The James Buckley Scenario
New York's 23rd could elect a conservative. But the GOP hasn't nominated one.
Sep 14, 2009, Vol. 14, No. 48 • By KENNETH Y. TOMLINSON
In the days that followed, Hoffman was shocked to learn of Scozzafava's positions in press reports about the coming race. He called friends who put him in touch with conservative leaders, and a meeting was arranged with New York Conservative party chairman Mike Long who was in Lake Placid to watch his own son, a New York City fireman, run in the Iron Man Triathlon.
"I met [Hoffman] early in the morning," Long recalls. "I was struck by his honesty and his refreshing grasp of the issues. I didn't know they made people like this any more. I didn't try to talk him into running, but I sure didn't try to talk him out of it."
Driving back to his hotel after the meeting, Long thought to himself, "That man has a shot at being another Jim Buckley." In 1970 Buckley was elected to the U.S. Senate on the Conservative party line against two liberals, a Republican and a Democrat.
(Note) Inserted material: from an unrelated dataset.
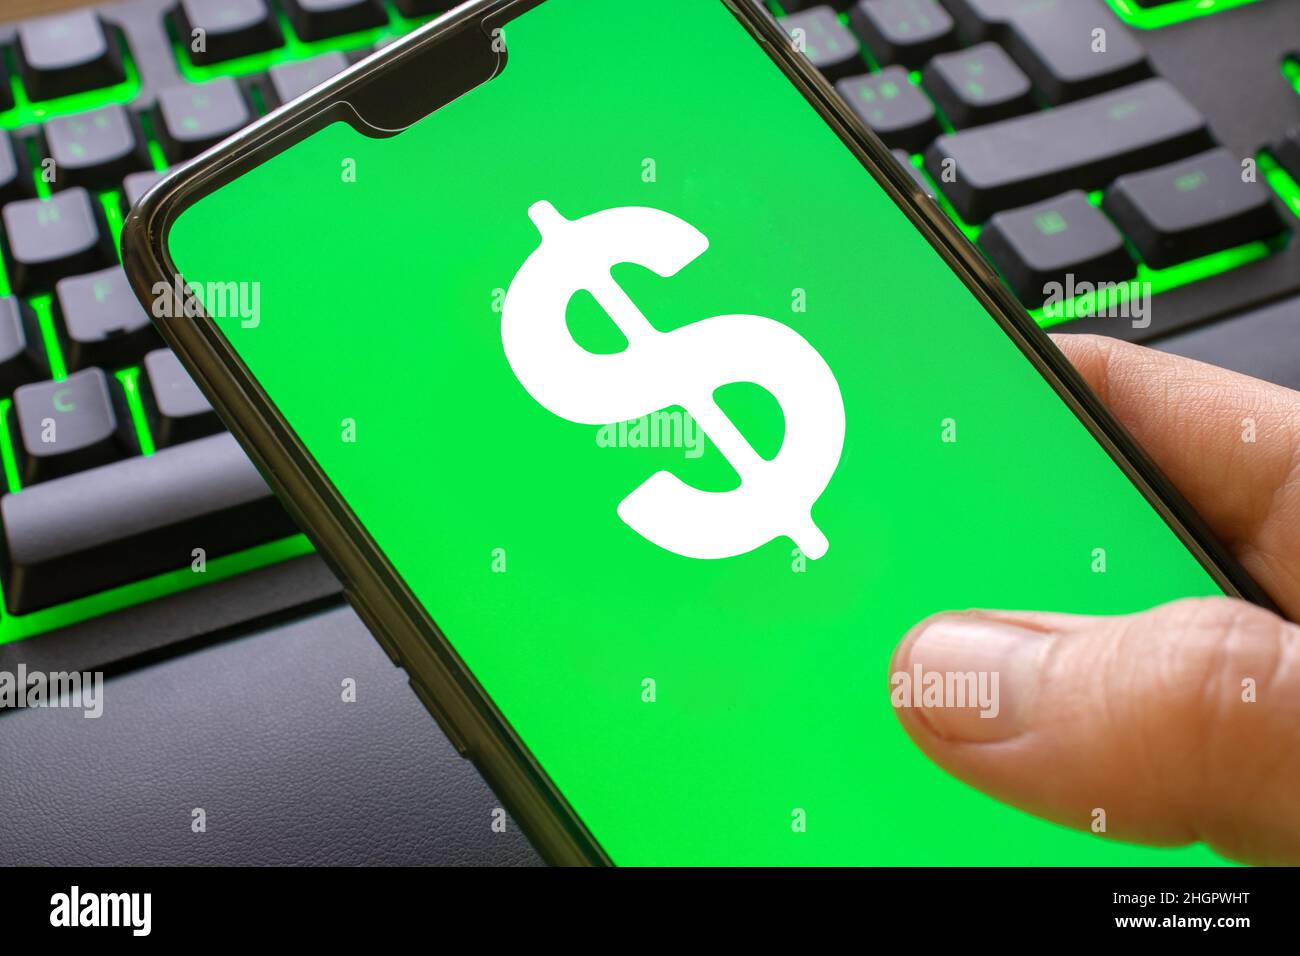 Telefono con simbolo verde del dollaro sullo schermo tenuto da una mano. Utilizzo dello smartphone per guadagnare denaro online con il logo della moneta. Foto Stock

Hoffman's campaign is winning surprising respect. Reports Brian Mann on National Public Radio's North Country website: "Hoffman also brings a lot of personal wealth to the race; that's a big deal in politics. My sense is that he could serve as a spoiler in this race. . . . But I also think there is a legitimate, if still remote, chance that Hoffman could win."
When the Adirondack Daily Enterprise asked readers to cast votes on its website, the result was Hoffman 58 percent, Owens 23 percent, and Scozzafava 19 percent. The survey was obviously not scientific, and the Adirondacks are Hoffman's home territory, but when he tells you his life's story, it is easy to see why those who know him are so very much for him.
He and his four siblings were raised by a single mother. By age 8 he was delivering papers to help his mother pay the bills. He started pumping gas at 14. By the time he finished high school, he was a master mechanic.
He finished at the top of his high school class, but there was no family money for college. A group of local civic leaders believed in him--and raised scholarship money for him. He graduated from SUNY Plattsburgh in 1973 with a degree in accounting.
He joined the Army reserves, got married, started a family, and went to work for Price Waterhouse. Meanwhile, he earned an MBA in finance and accounting from the University of Connecticut.
In 1977, he moved his family back to the North Country for a new job as assistant controller for the Lake Placid 1980 Olympic Organizing Committee. His first day on the job his boss quit, and at 27 he assumed the position as corporate controller, eventually overseeing a budget of $150 million and 2,500 employees as well as 6,000 volunteers.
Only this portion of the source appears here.